SUPPLIED INFORMATION –
=-=-=
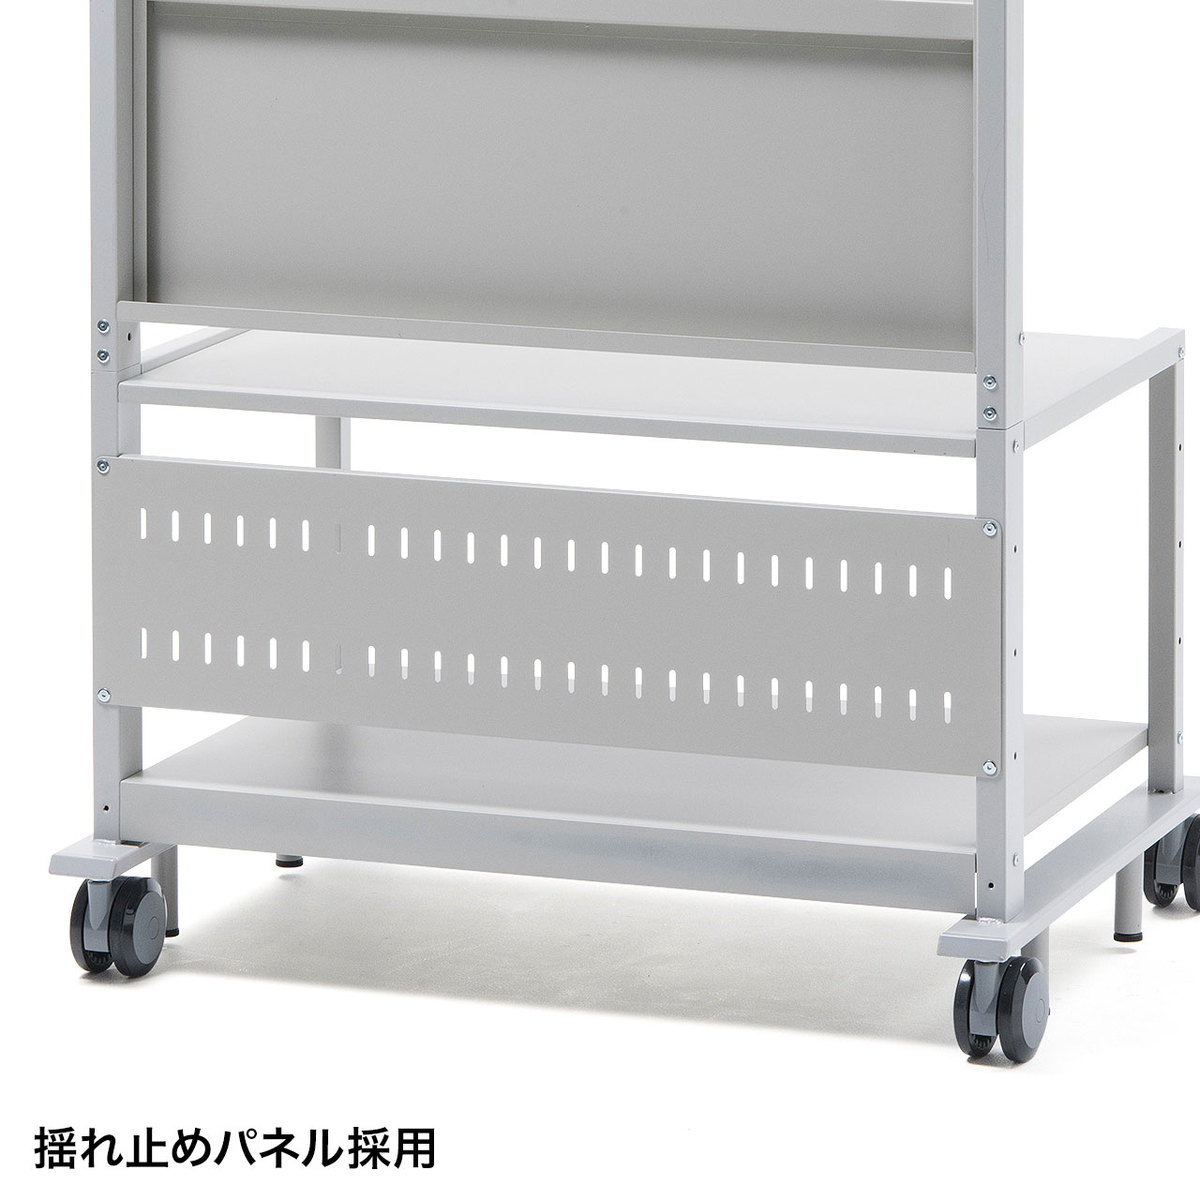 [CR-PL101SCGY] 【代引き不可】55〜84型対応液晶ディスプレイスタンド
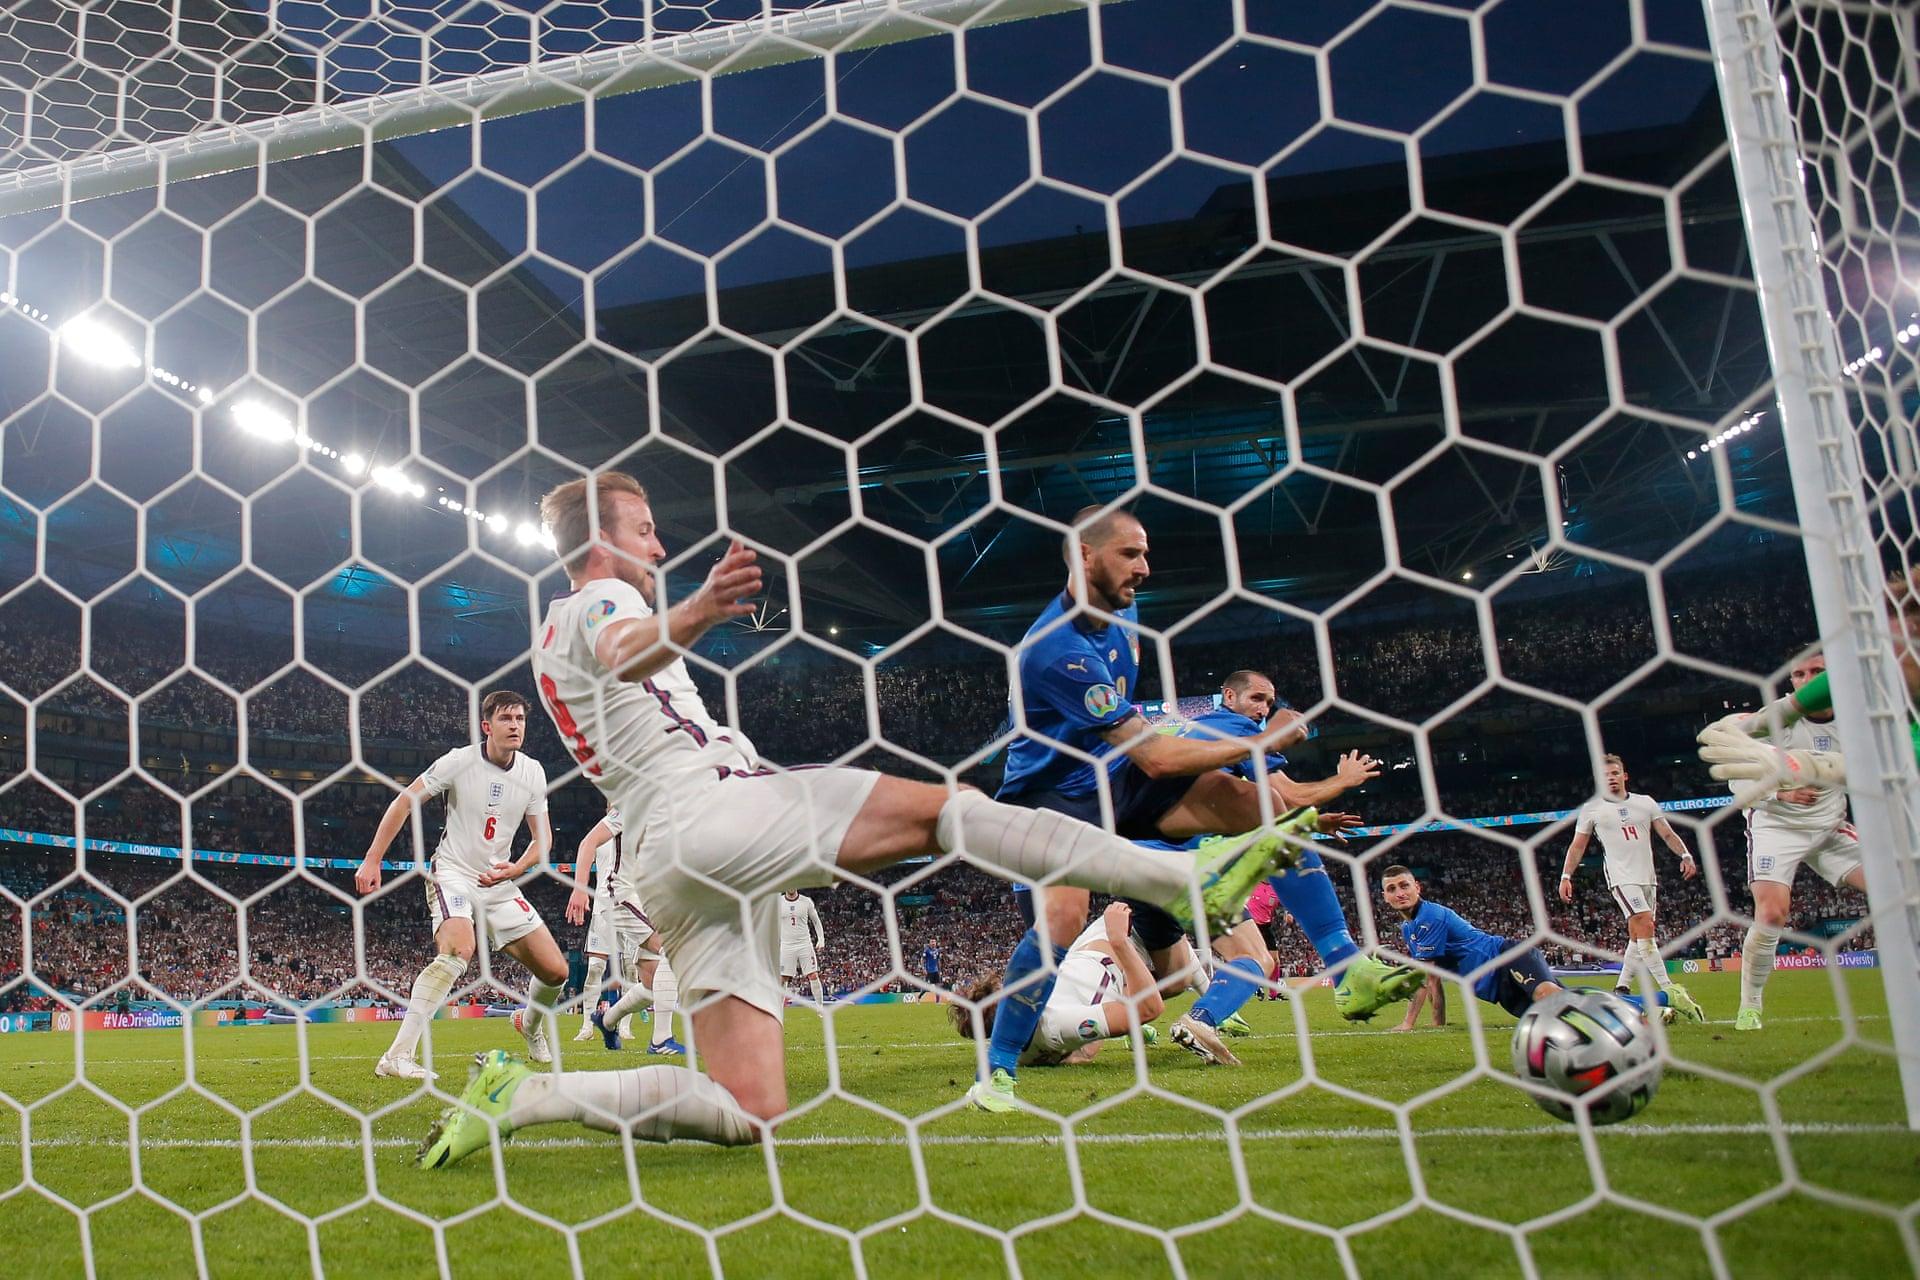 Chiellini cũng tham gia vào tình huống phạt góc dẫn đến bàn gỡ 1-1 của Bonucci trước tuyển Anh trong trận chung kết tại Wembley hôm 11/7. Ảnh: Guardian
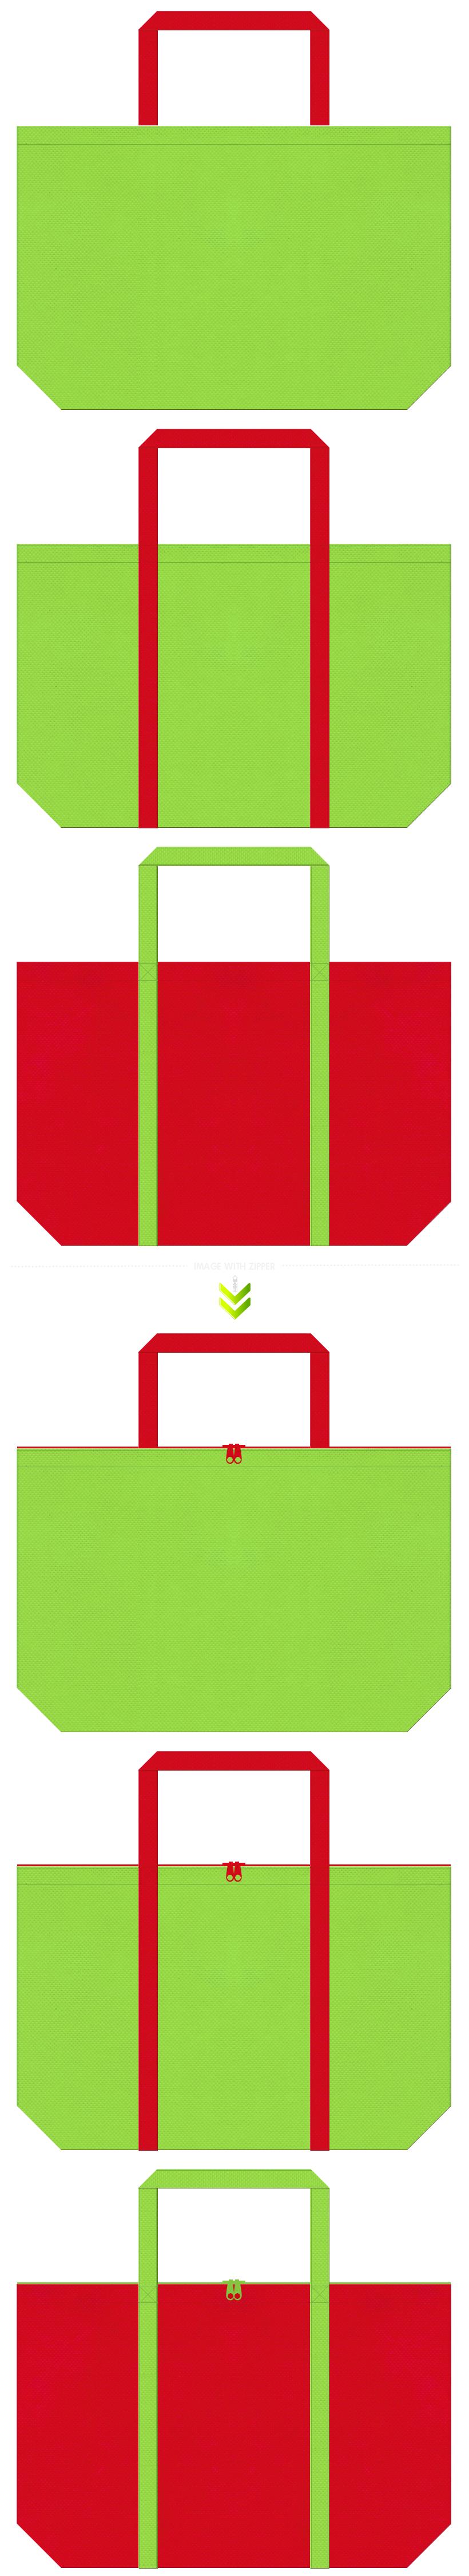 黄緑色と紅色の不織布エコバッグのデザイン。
=-=-=
WORK INSTRUCTIONS – Word for word, output the whole listing, but not its pictures.

SOLVED PROBLEM –
 [CR-PL101SCGY] 【代引き不可】55〜84型対応液晶ディスプレイスタンド
 Chiellini cũng tham gia vào tình huống phạt góc dẫn đến bàn gỡ 1-1 của Bonucci trước tuyển Anh trong trận chung kết tại Wembley hôm 11/7. Ảnh: Guardian
 黄緑色と紅色の不織布エコバッグのデザイン。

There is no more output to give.